* RECORDED DATA *
--- --- ---
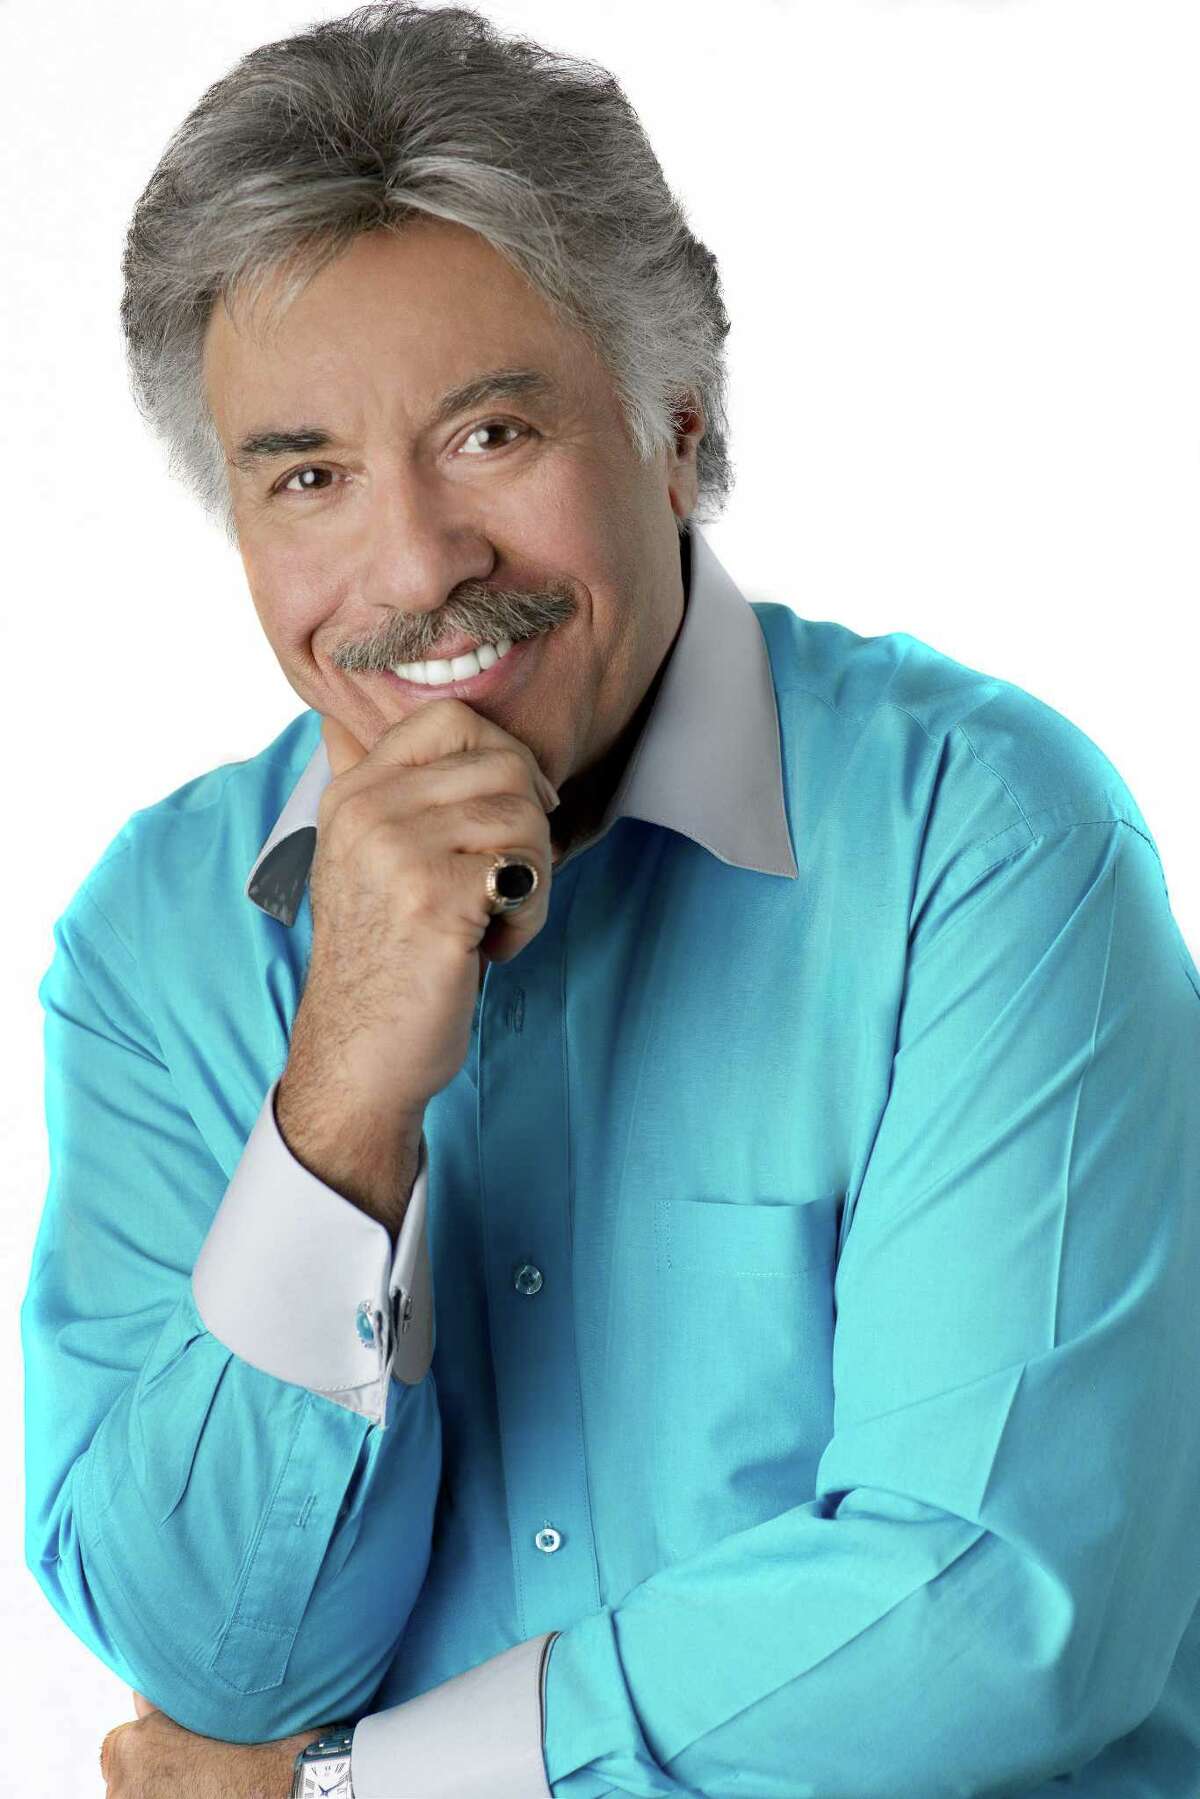 EAST HAVEN FALL FEST: Tony Orlando will be making a return visit to the East Haven Fall Festival, leading the entertainment for the 27th annual event being held Sept. 7-9 on the Town Green. Theo Peoples, former lead singer of The Four Tops & The Temptations, will also perform on Sept. 7.
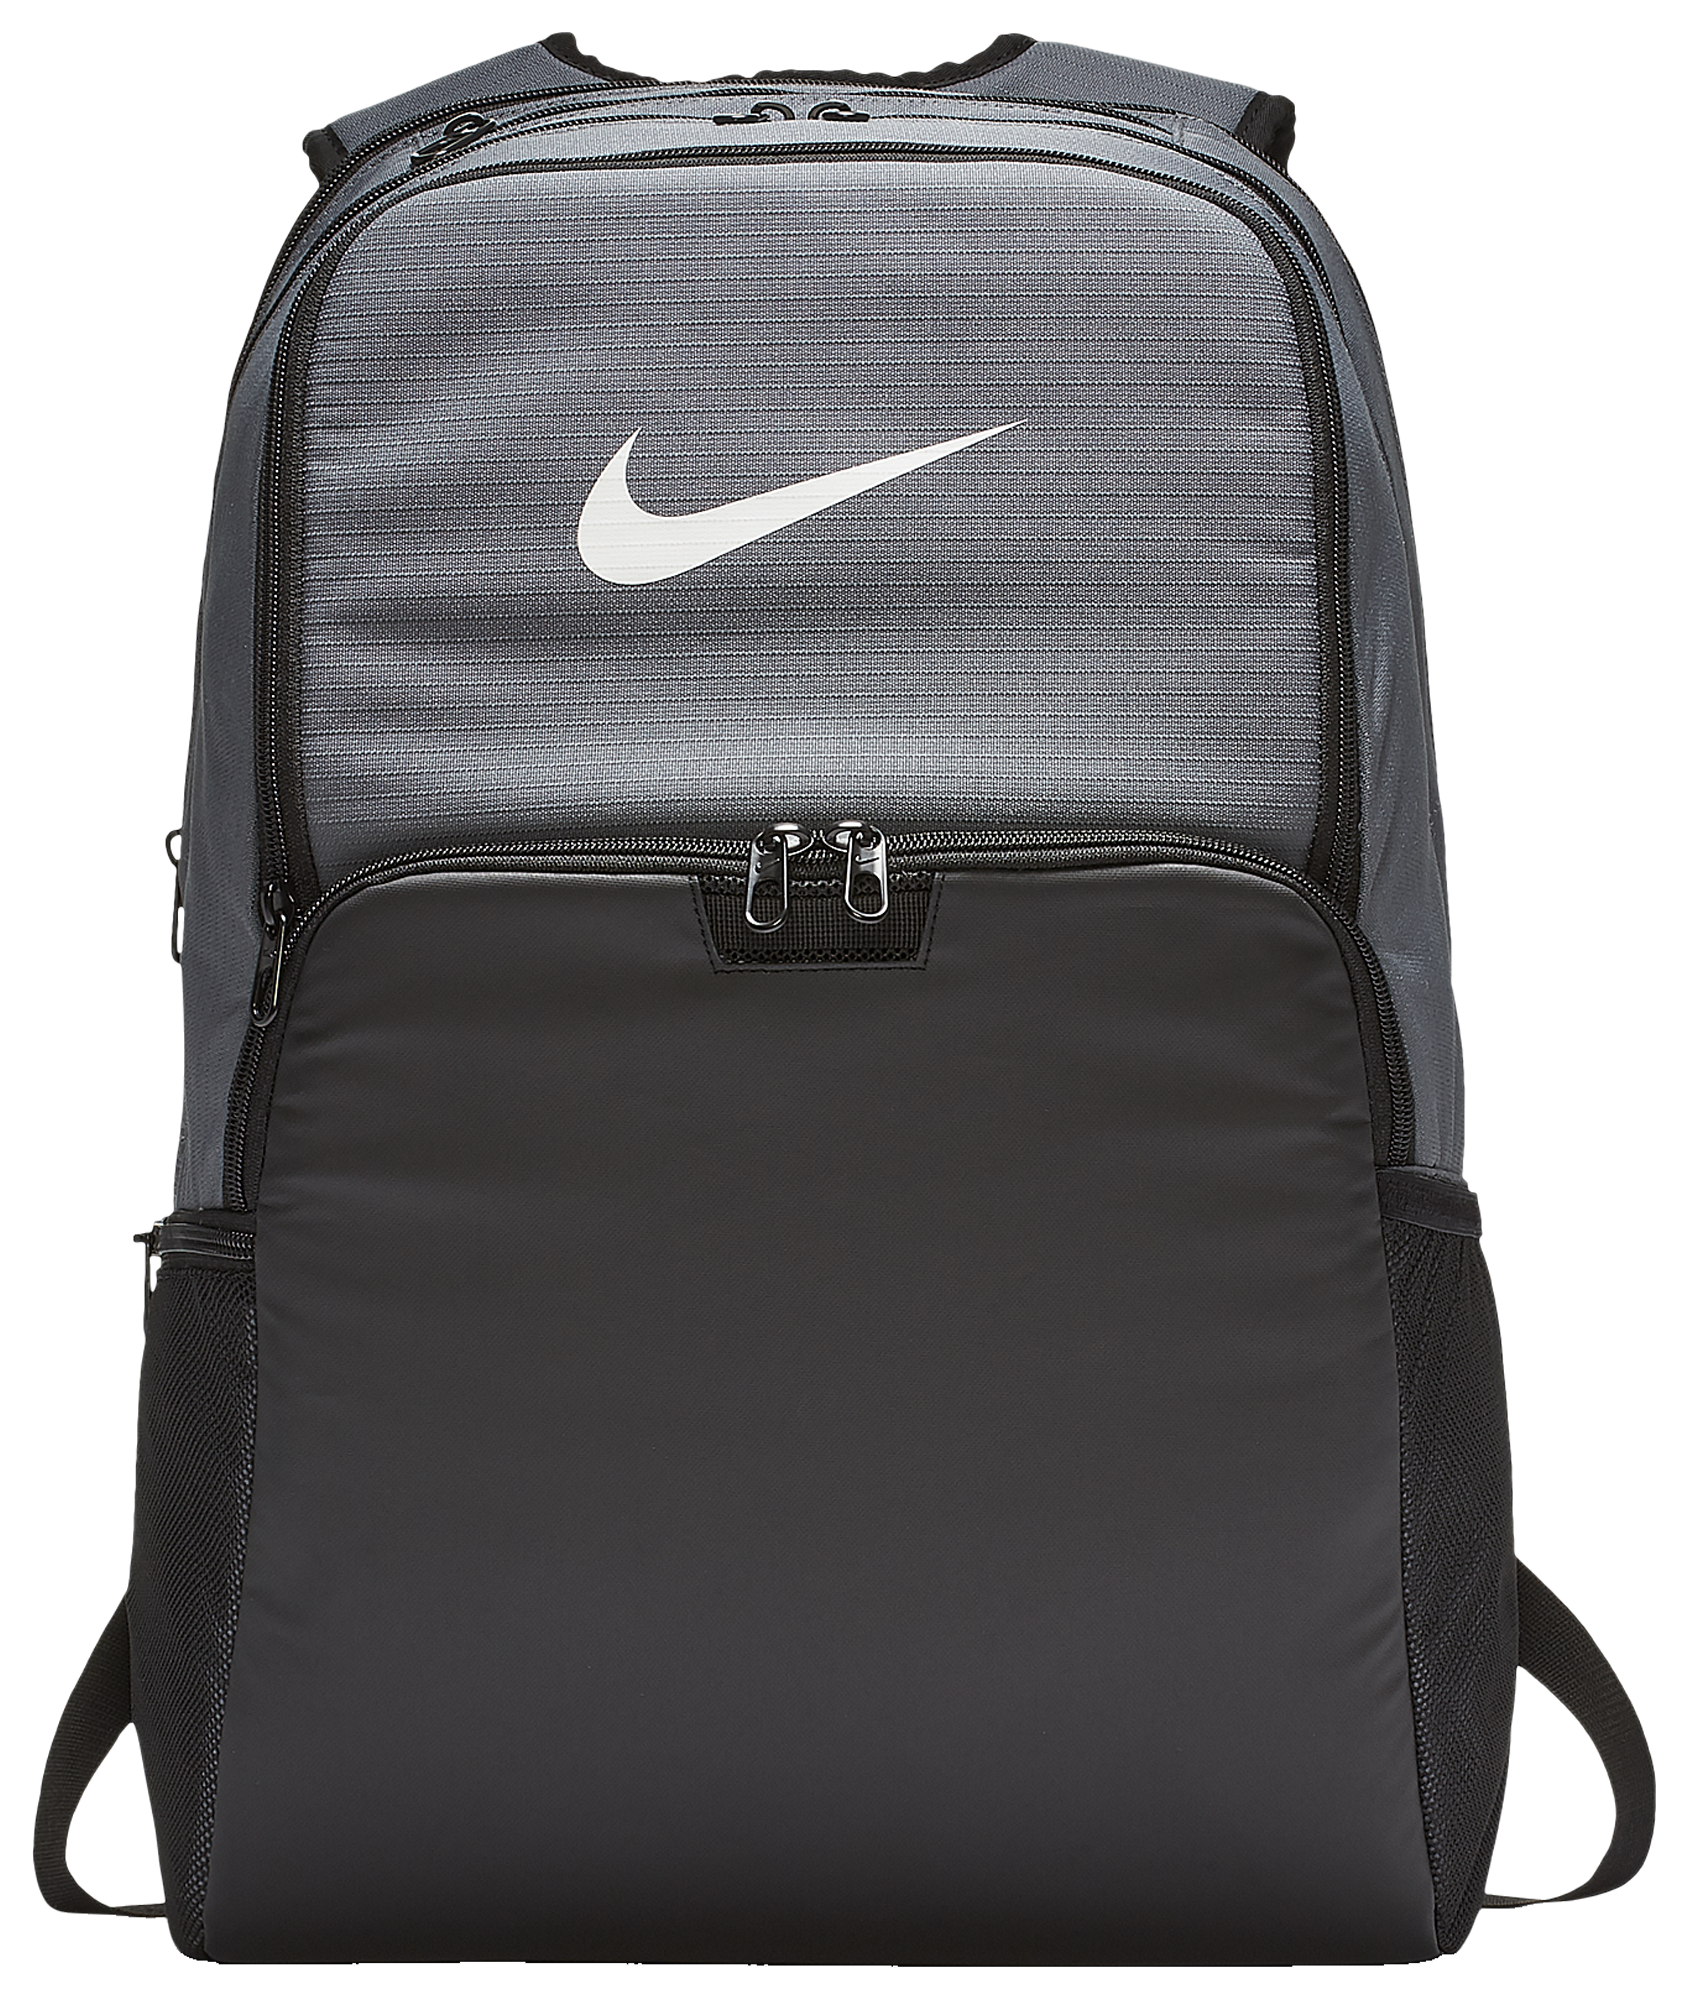 nike reign backpack price
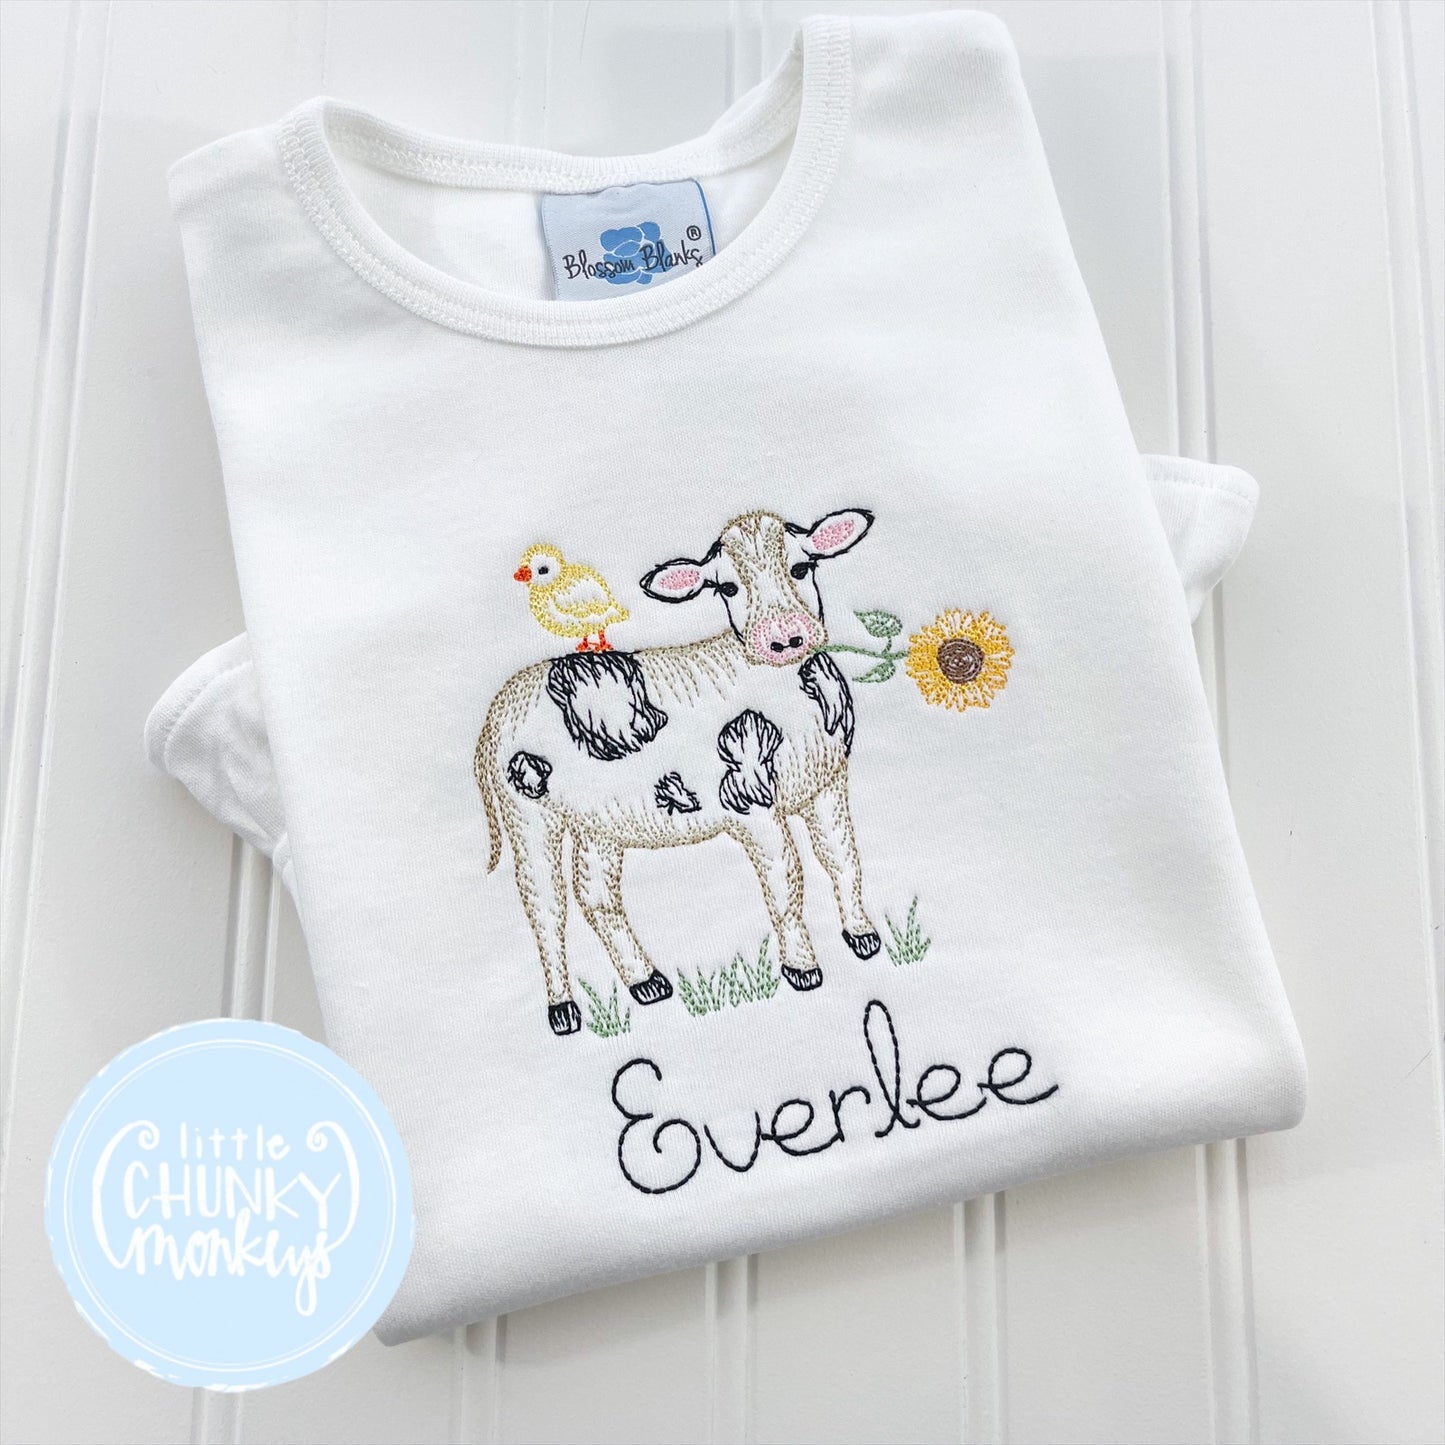 Girl Shirt- Stitched Cow
--- --- ---
* WHAT TO PRODUCE *
Print out the whole listing word for word. Leave the pictures out.

* WRITTEN SOLUTION *
 EAST HAVEN FALL FEST: Tony Orlando will be making a return visit to the East Haven Fall Festival, leading the entertainment for the 27th annual event being held Sept. 7-9 on the Town Green. Theo Peoples, former lead singer of The Four Tops & The Temptations, will also perform on Sept. 7.
 nike reign backpack price
 Girl Shirt- Stitched Cow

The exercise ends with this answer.